Although confusion arose from some modern cases as to whether the remedy was based on breach of good faith or on contract, Lord Hobhouse was of the view – relying on academic texts and on older authorities - that the sanction for fraudulent claims is forfeiture of all benefit under the policy or all claims upon it, not avoidance ab initio [from inception]. Thus, claims already paid would not be affected.

Lord Scott similarly concluded that:
"The presentation of a dishonest or fraudulent claim constitutes a breach of duty that entitles the insurer to repudiate any liability for the claim and, prospectively at least, avoid any liability under the policy. Whether the presentation of such a claim should be regarded as a breach of a continuing duty under s.17 that entitles the insurer to avoid the policy with retrospective effect, enabling any payments made in satisfaction of previous unimpeachable claims to be recovered by the insurer, is more debatable.

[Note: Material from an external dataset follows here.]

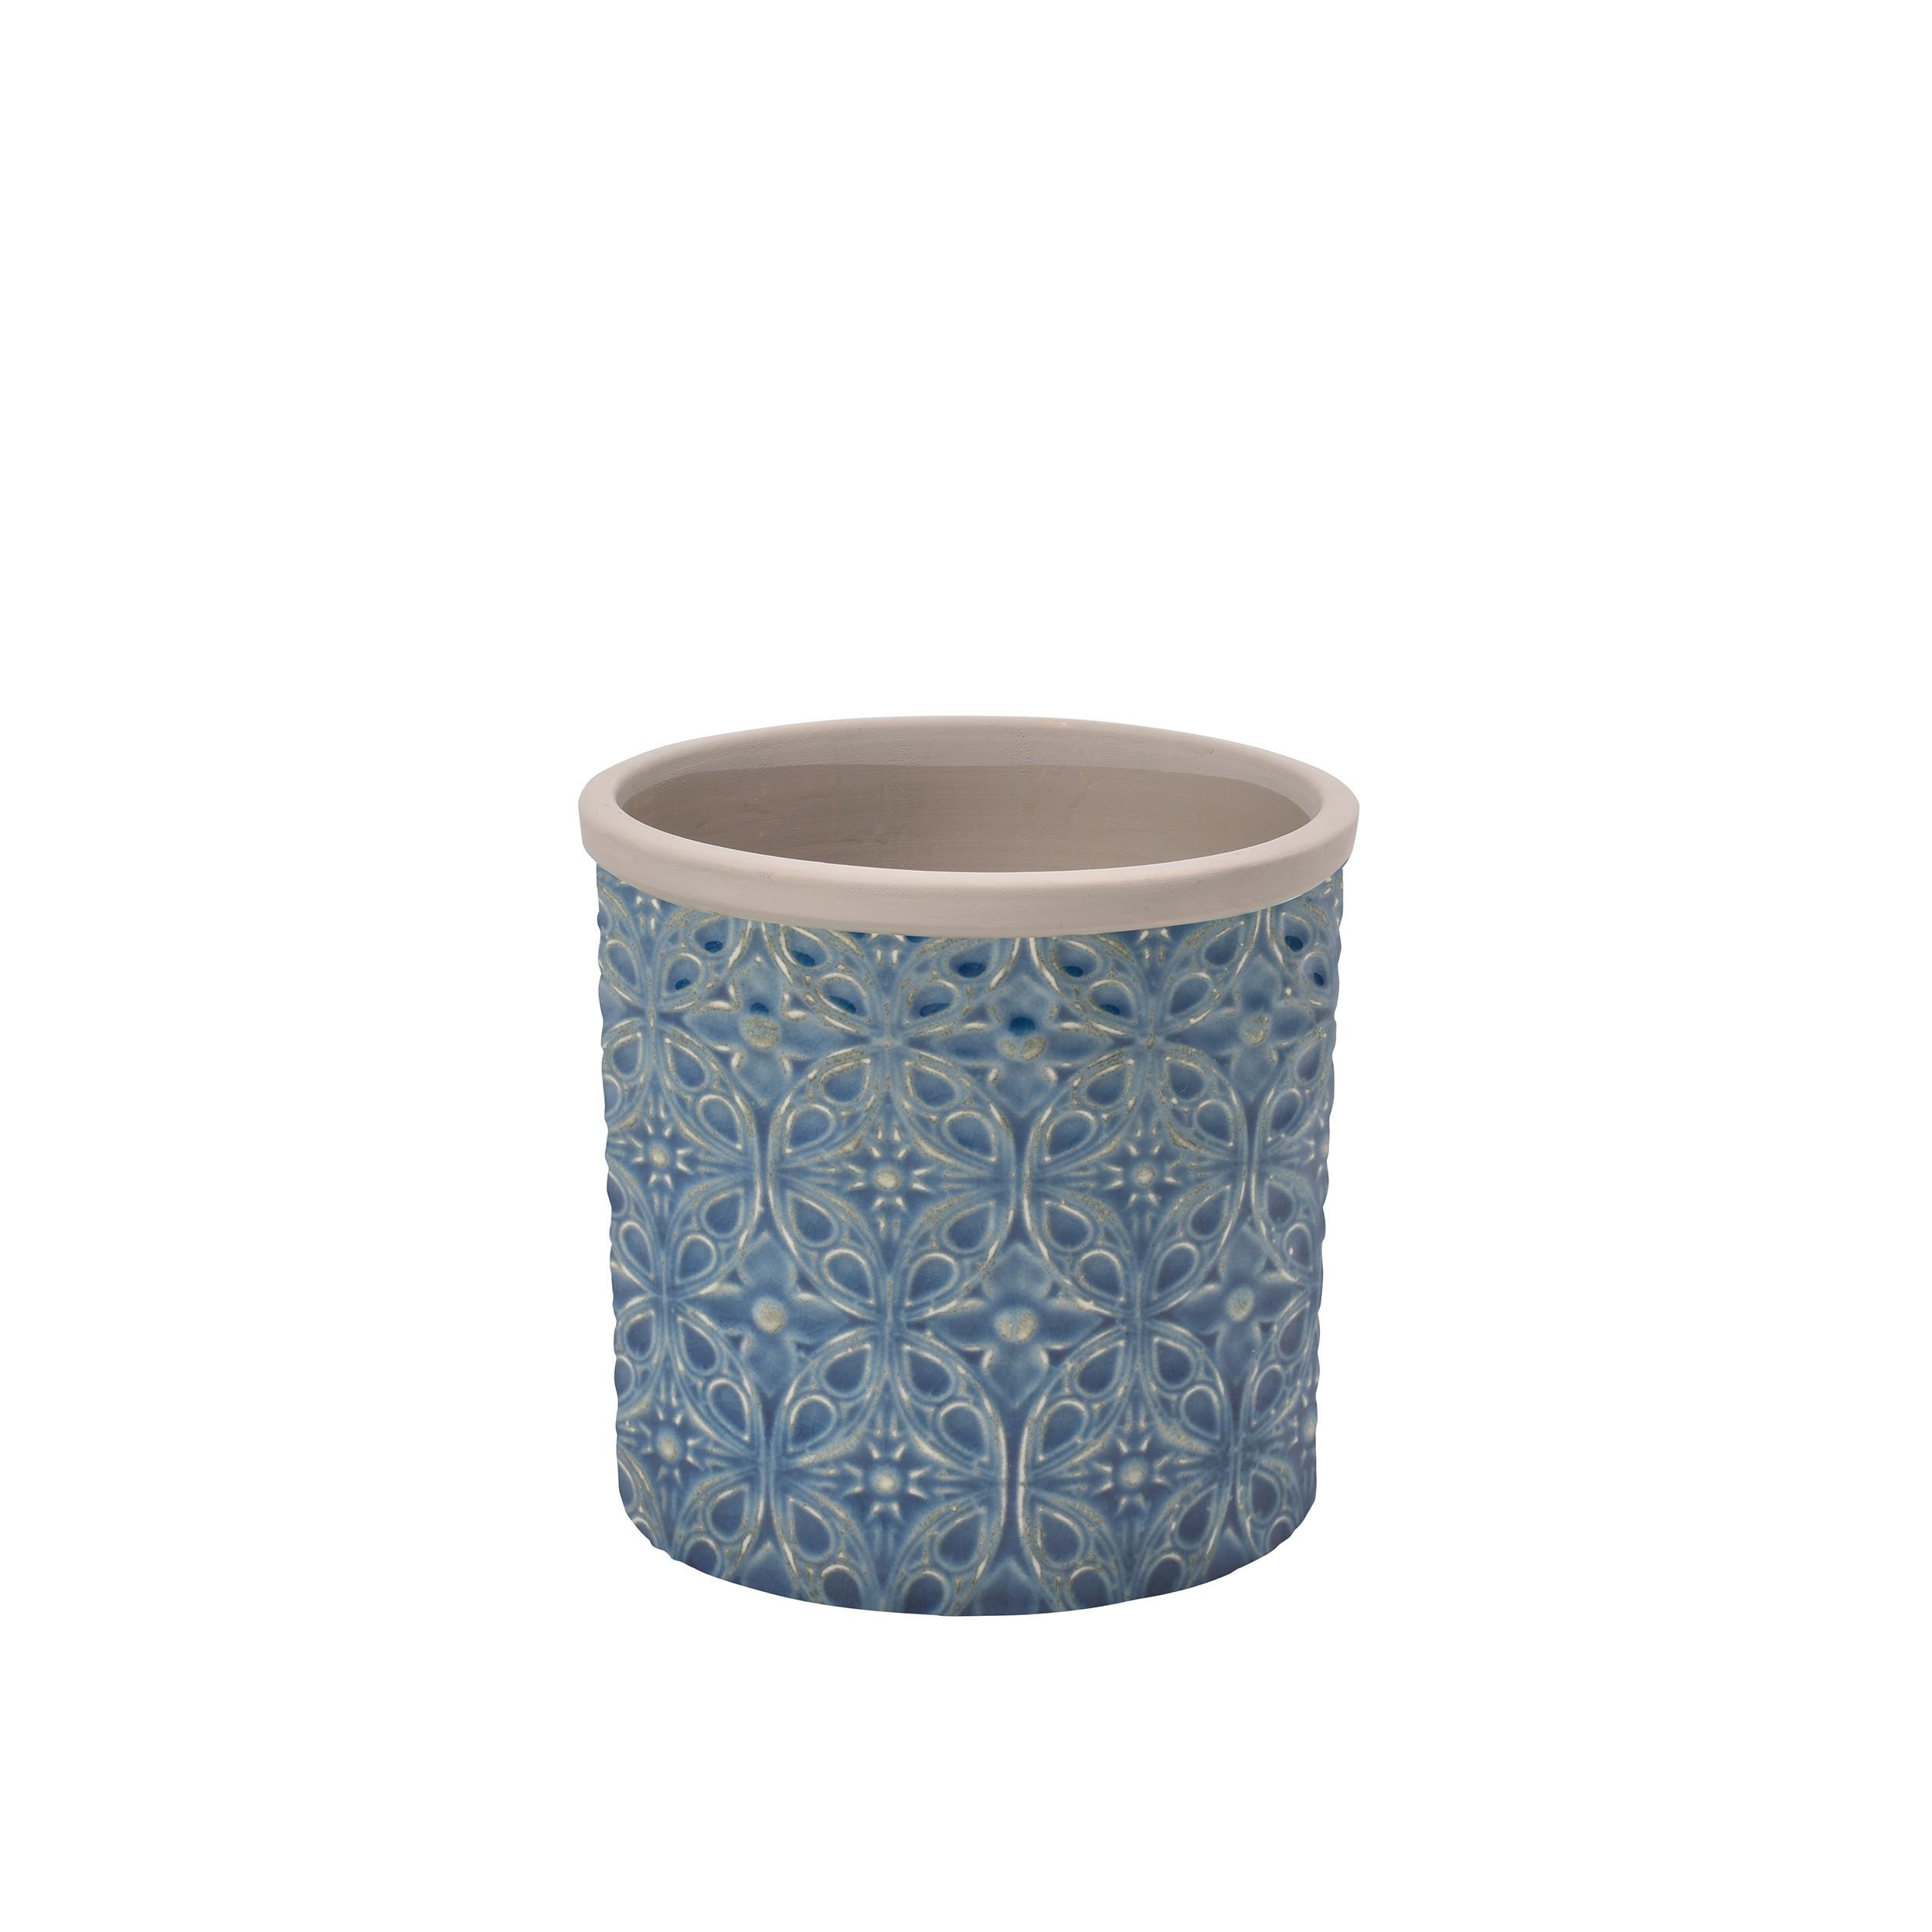 Blumentopf porto keramik 14cm bertopf pflanztopf rund for Blumentopf keramik

It is not necessary in the present case to decide the point….I would, however, limit the duty owed by an insured in relation to a claim to a duty of honesty."

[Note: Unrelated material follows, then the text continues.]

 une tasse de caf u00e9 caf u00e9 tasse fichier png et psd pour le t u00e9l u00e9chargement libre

The meaning of this statement is that the duty of the assured at the stage of making a claim should not be based on section 17 which would have the effect of entitling the insurer to claim back money already paid in relation to other claims honestly made. Such duty should be just limited to making honest claims.

Comment
The decision develops and clarifies the law. Although Lord Clyde’s statement seems to be open-ended and may be misinterpreted, it nevertheless provides the broader principle. Lord Hobhouse’s analysis provides particular details of that broader principle. It elaborates the concept that the requirement of good faith means different things at different stages in the life of the contract, according to the context in which the matter comes to be judged as follows:

(a) the stage of pre-contractual good faith (applicable also when there is a renewal or variation of the contract of insurance), which is based on a rule of law. Only at this stage may the breach of the obligation be met with avoidance of the particular contract to which the breach was material (namely, the original policy or the renewed one, or a variation). No positive answer was given to the question whether – if the breach occurred in relation to the variation of the policy, only the variation itself would be avoidable or the policy as a whole. But Lord Hobhouse cited with approval what Blackburn J. had said in an old decision that: "if the alteration of the policy was such as to make the contract more burdensome to the insurer and a material fact to the alteration known to the assured at the time was concealed, the policy would be vitiated".

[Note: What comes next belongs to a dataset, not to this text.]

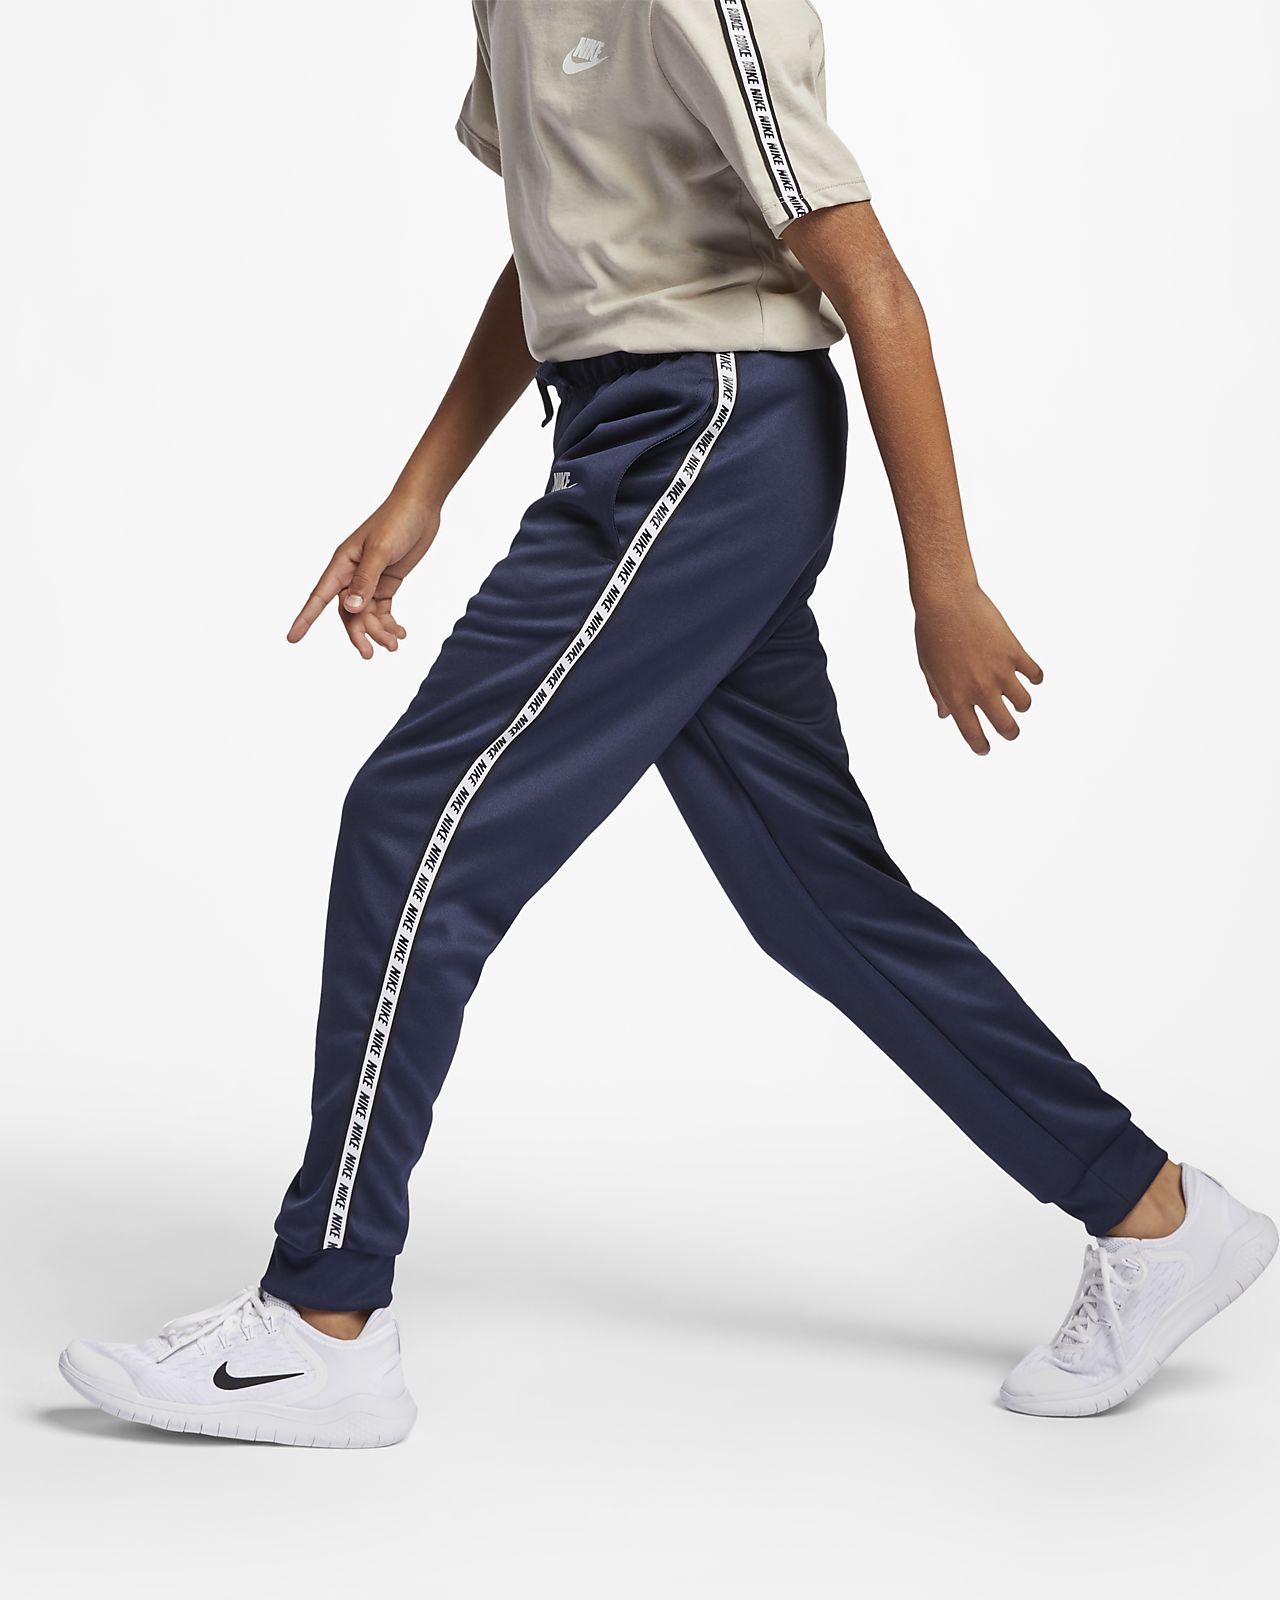 Nike Ch Pantaloni Pantaloni Sportswear Ragazzi Nike TwqES4w

(b) the stage of post-contractual good faith is based on express or implied terms of the contract. Instances of this may be a held covered clause, or a requirement to give information or notice to the insurer in certain circumstances specified by the contract; the remedies for breach will derive from contract law but in most cases are likely to be set out in the relevant clause of the contract. Culpable non-disclosure during the currency of the policy was considered to be insufficient to attract the drastic consequences of avoidance under s.17.

(c) At the stage of presenting claims, the substance of the obligation is not to make fraudulent claims. In the event of a fraudulent claim, the sanction is forfeiture of the claim as provided by the common law rule.

(d) The litigation stage is governed by the procedural rules of court but the concept of good faith will be relevant when the judge exercises his discretion as to whether or not to enforce a particular procedural rule.